9 Event-driven elements Event loop: to build an event-driven program a loop that does nothing and waits for events is needed and must be run (matlab automatically runs one at startup). Callbacks: event driven programming consists in defining some initializations of the program (display of a GUI, opening a network connection), tell to the event-loop the events that have to captured and which actions have to be performed as a function of specific events and parameters of the event. Typically this is done by a binding of the event to a function. This type of functions, that respond to events, are called callbacks. Matlab has a built-in event-loops and specific methods to define callbacks. However the logic can be implemented in any language that has a delayed execution instruction and functions that allow to detect when specific events happens.

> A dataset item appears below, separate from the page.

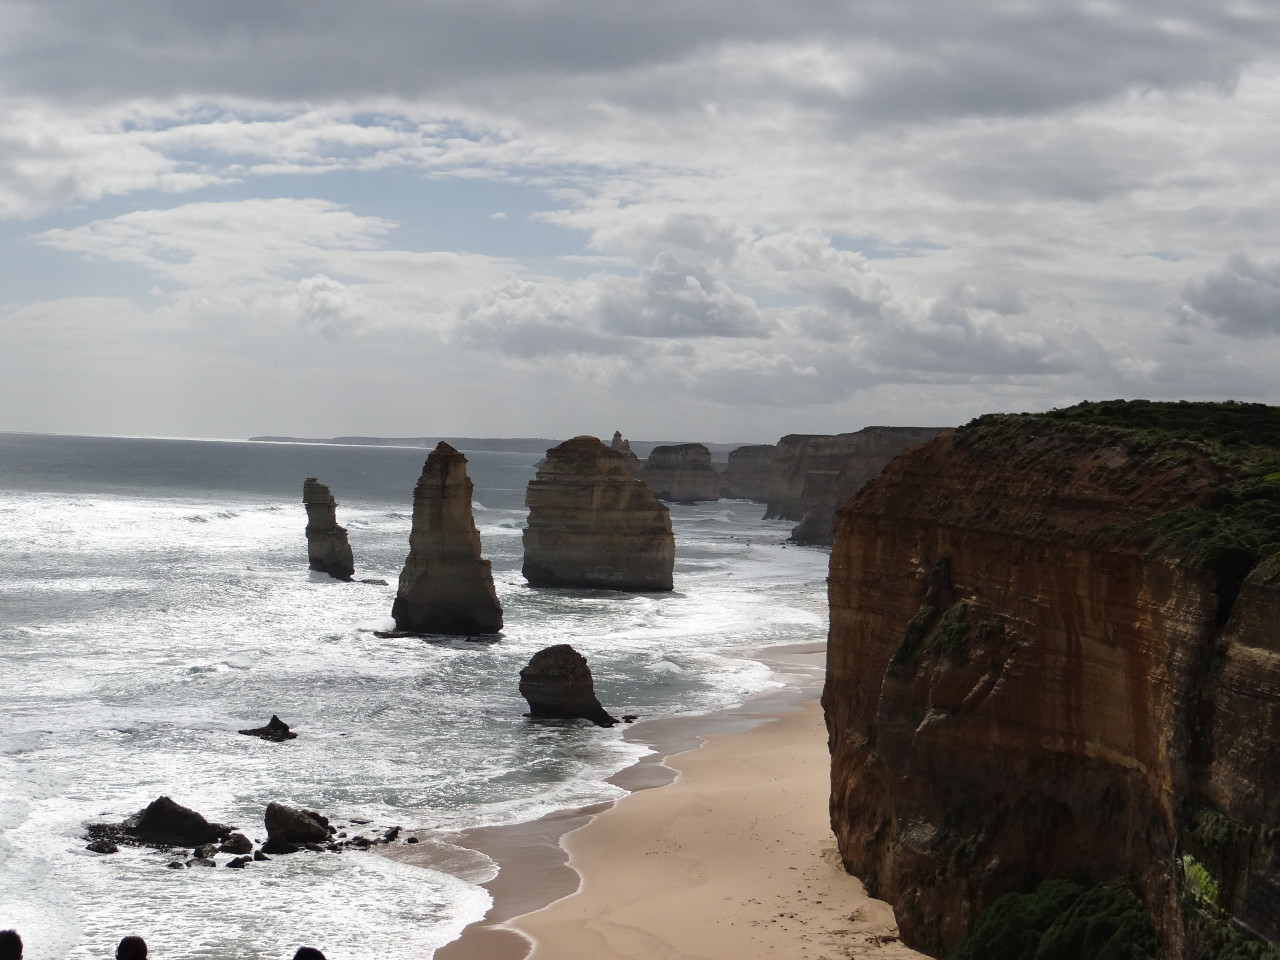 Iconic Twelve Apostles rock formations along The Great Ocean Road

10 Examples Today we will see a GUI example of event driven programming: We will need to learn how: play a sound play a sound when pressing a button in a Matlab figure add a slidebar for a rating

11 Matlab Sounds

12 sound The sound function allows to play an array on the sound card of the PC: The same array can be written to files (e.g. by using wavwrite). Sounds on PC are clearly digitalized and are characterized by a sampling frequency (number of air pressure values per second) and bits (the memory size of these values). To create a pure tone (sin waveform) of frequuency f (in Hz) at the sampling fr4equency fs use the formula: a = sin([1:n]*f/fs*2*pi) A typical sampling frequency that works for nearly evry sound card is

13 Practice I hope you find a way to listen from you PC... See the examples in the website. Create a little function for creating pauses (silence). Concatenate different notes using the cat function. Create a structure that allows to play sounds using notes names (Do, Re, Mi...). Use pairlist structures: notesnames = struct( do,0, re,2); getfield(notesname, do ) Advanced: use a tapering function to avoid burst noise at sound onsets.

14 Matlab GUI

15 Handler When creating a figure with figure or other commands (such as plot or imagesc) a number is returned. This number is a handler, like the numbers returned by fopen commands. This is just a pointer that allows to further refer to the interactive graphical object created. Try the function get and set. Object s attributes can be changed with the set command and pairlist: copy of... AttributeName, value...

16 Callbacks Callbacks are just normal functions. Some objects of a GUI (as a Matlab figure) can have one (or more) function to be executed when specific actions on that object are done (e.g. button press, but also resizing etc.). To create new objects and menu there are two main commands: uimenu uicontrol Whiting these commands you can create new object (widget), change their properties, including the functions that are called upon activation of the widget (Callbacks).

17 Practice Try to change figure menus. Set up a figure with a couple of buttons (e.g. play, next, exit). Add a slidebar to record off-line judgement (e.g. higher/lower sound with respect of previous one). Set up Callbacks to record ratings and produce different sounds.